In a post to his personal Facebook page Tuesday, Andrew Bosworth said the Dec. 30 memo obtained by The New York Times wasn’t “written for public consumption and I am worried about context collapse.”

He went on to defend his choice of words, adding that he does not oversee the “day-to-day” of the issues discussed. Bosworth, who is vice president of virtual and augmented reality, was head of advertising at Facebook during the 2016 election.

“Overall I hoped this post would encourage my coworkers to continue to accept criticism with grace as we accept the responsibility we have overseeing our platform,” wrote Bosworth. “I end with a call to discussion for what other areas we feel we are falling short that should be a focus in 2020.”

Bosworth, one of the executives who is reportedly closest to CEO Mark Zuckerberg, posted the memo titled “Thoughts for 2020” on the company’s internal network. He addressed many of the issues that have plagued Facebook in recent years, such as Cambridge Analytica, Russia’s election interference, polarization and misinformation.

“So was Facebook responsible for Donald Trump getting elected?” he wrote in the memo. “I think the answer is yes, but not for the reasons anyone thinks. He didn’t get elected because of Russia or misinformation or Cambridge Analytica. He got elected because he ran the single best digital ad campaign I’ve ever seen from any advertiser. Period.”

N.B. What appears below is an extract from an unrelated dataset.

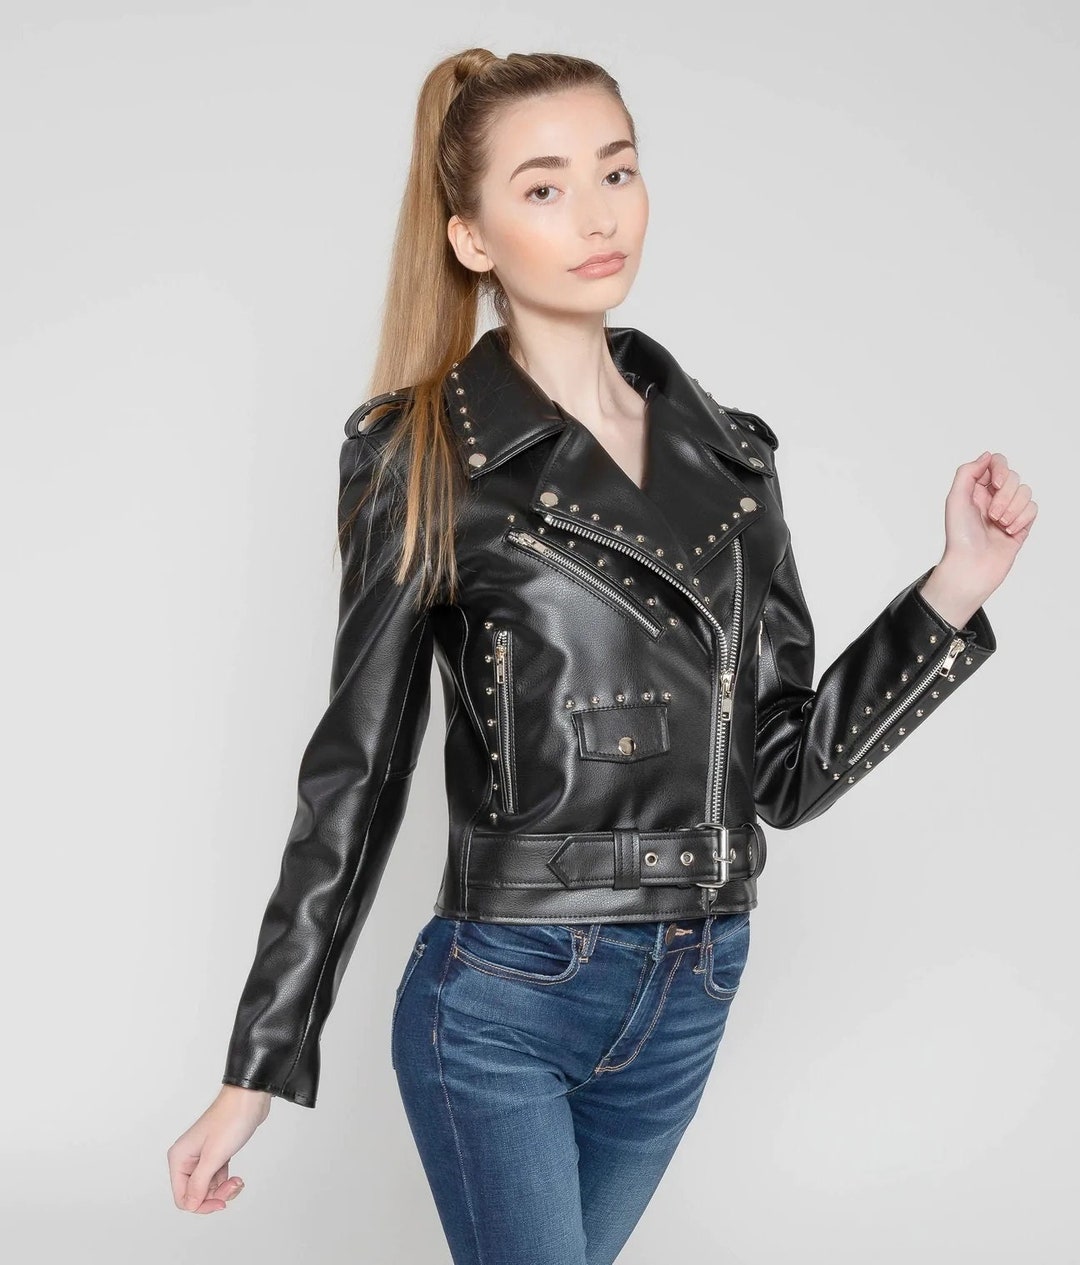 Ladies Genuine Leather Jacket Studded Motorcycle Style - Etsy

Bosworth then said the company’s ad policies could lead to Trump’s reelection.

“That brings me to the present moment, where we have maintained the same ad policies. It occurs to me that it very well may lead to the same result,” he wrote.

Facebook has had to answer — at times in front of congressional committees — for false information spread on its platform leading up to the 2016 election. More recently, the company has come under fire for its policy of not removing political ads that contain misinformation.

Twitter recently banned political advertising on its platform, but Facebook has not followed suit.

In the memo, Bosworth identified himself several times as a “liberal,” while noting he thinks the left has gone too far at times.

“I think my fellow liberals are a bit too, well, liberal when it comes to calling people Nazis,” he wrote.